Research interests

“Don’t work on dumb things!” - Lennart Heim

I divide my research into two categories: tractable, and moonshot.

Tractable researches are the ones I know for sure will help with reducing AI Risk. Moonshot ones are more ambitious and uncertain, but could be quite impactful if it succeeds.

Tractable -

Literature review of mechanistic interpretability - theory of change

Analyze theory of change for mech interp research agendas. Inform governing bodies on how it will help AI regulation.

Moonshot -

✨ Vibe-based research ✨ + Cyborgism

Forgive the title.
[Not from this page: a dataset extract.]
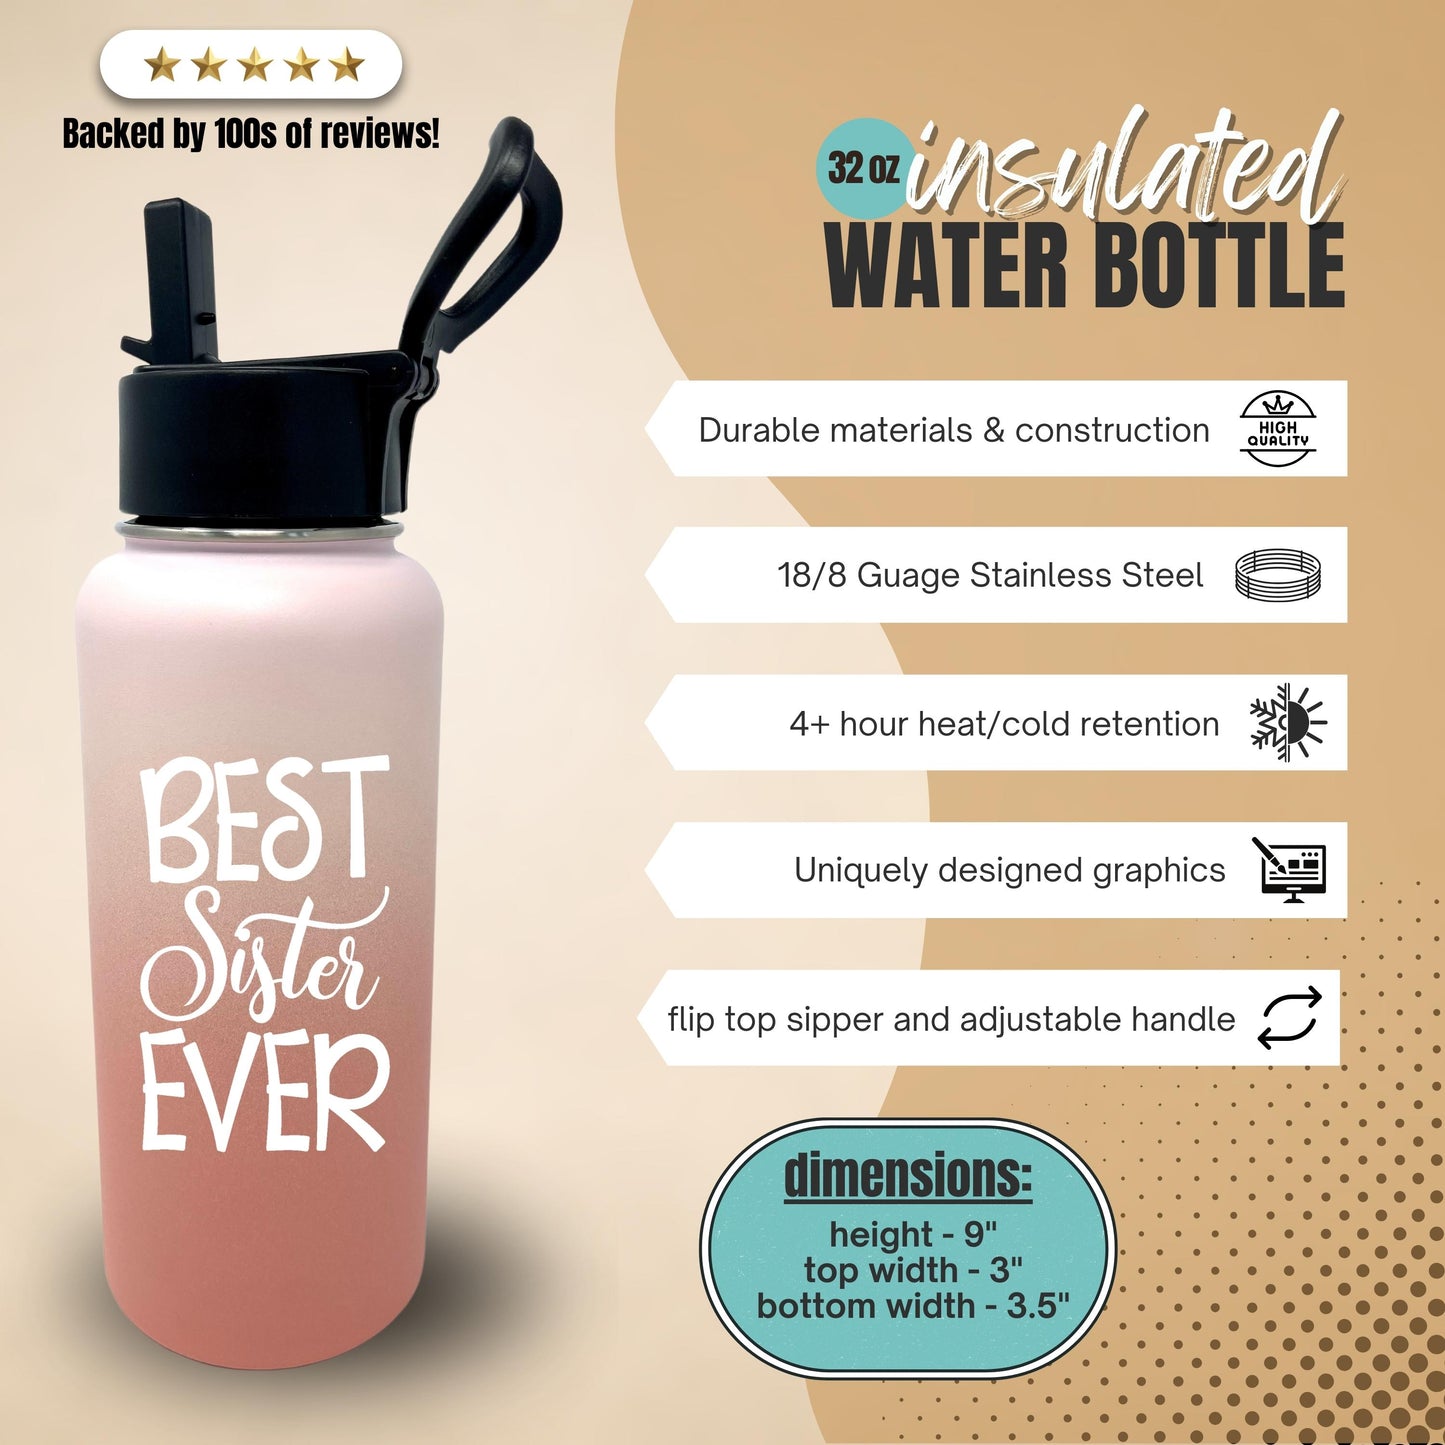 Brooke and Jess Designs Sister Gift Box - Best Sister Ever Tessa, 32 oz Tumbler Waterbottle, and Keychain Gift Box Set
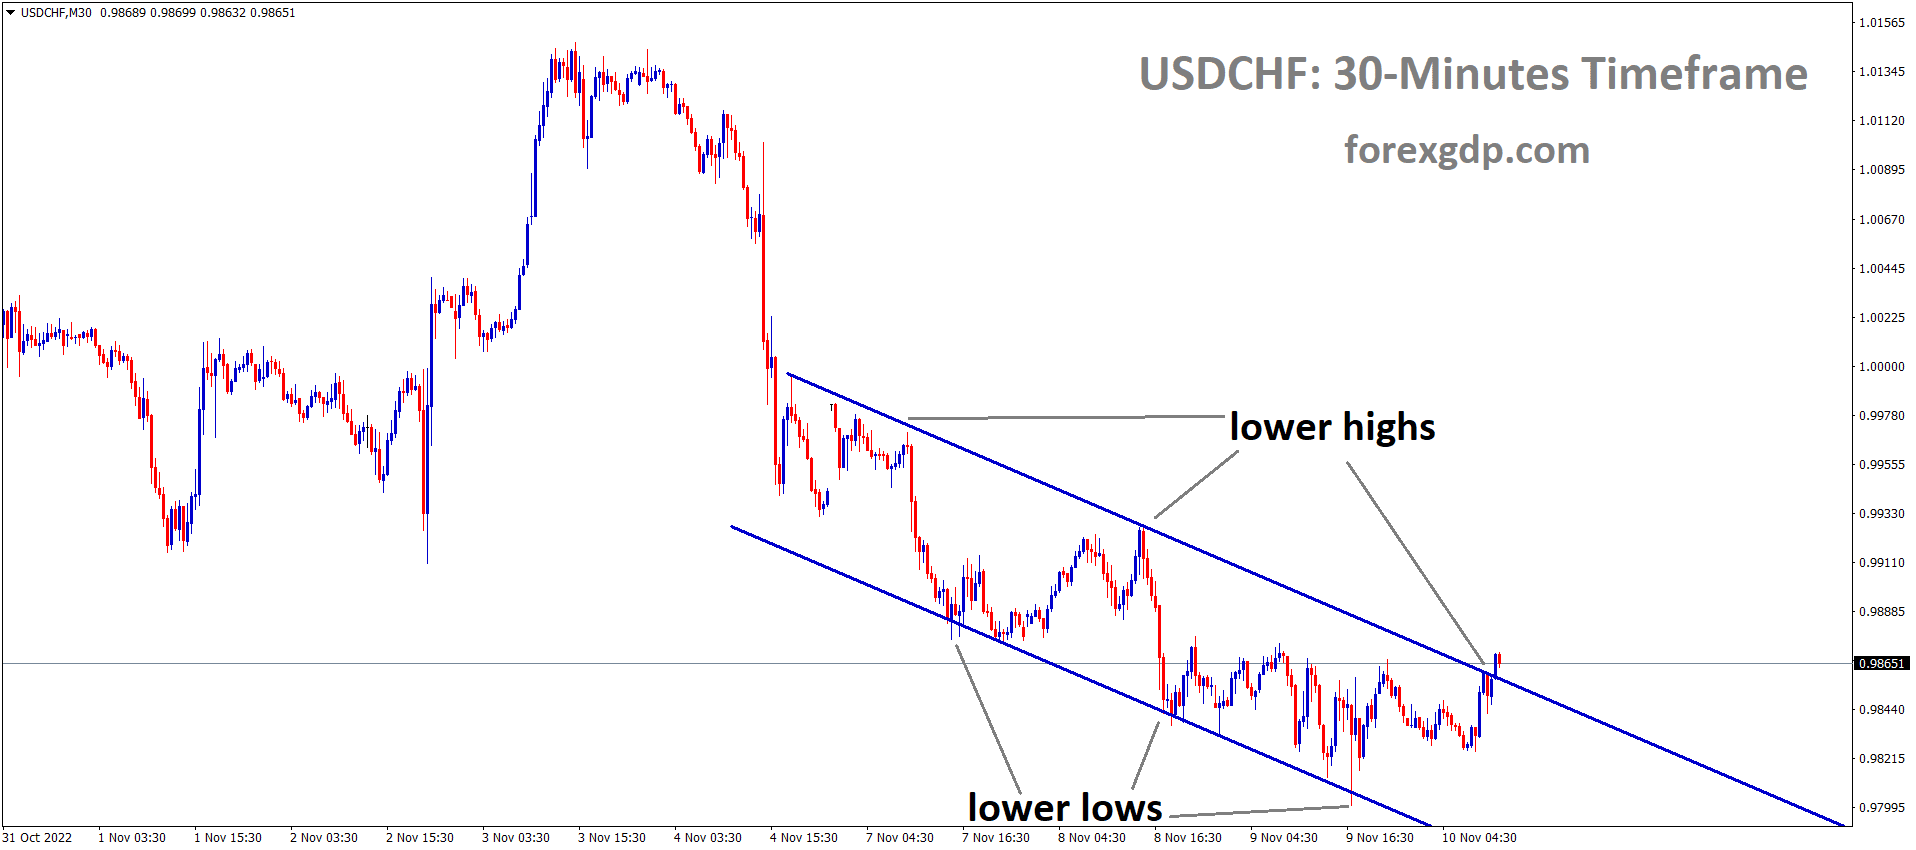 USDCHF is moving in the Descending channel and the market has reached the lower high area of the channel

When I talk about vibe, I’m thinking about our nervous system’s innate ability to pattern-match and intuit conclusions; System 1 thinking (Daniel Kahneman, Thinking, Fast and Slow).

I want to note that I’m not suggesting we determine whether an AI is aligned by talking to it and “feeling out” how trustworthy it is. Rather, I think human intuition is a powerful process that we can harness or enhance. A success story here may look like exploring the neuron semantics of a LLM with a visualizer, noticing strange patterns, and in turn make conjectures about its mechanisms. Then, we use rigorous system 2 thinking to verify those conjectures.

Similar ideas appear in Cyborgism:

The object level plan of creating cyborgs for alignment boils down to two main directions: […] 2. Train alignment researchers to use these tools, develop a better intuitive understanding of how GPT behaves, leverage that understanding to exert fine-grained control over the model, and to do important cognitive work while staying grounded to the problem of solving alignment.

Finally I think it’s also valuable to better understand ✨vibes✨. There are superficial similarities (or are they that superficial?) between artificial neural networks and system 1 thinking with our own organic neural network. We should keep our mind open and be inspired by neuroscience and other disciplines.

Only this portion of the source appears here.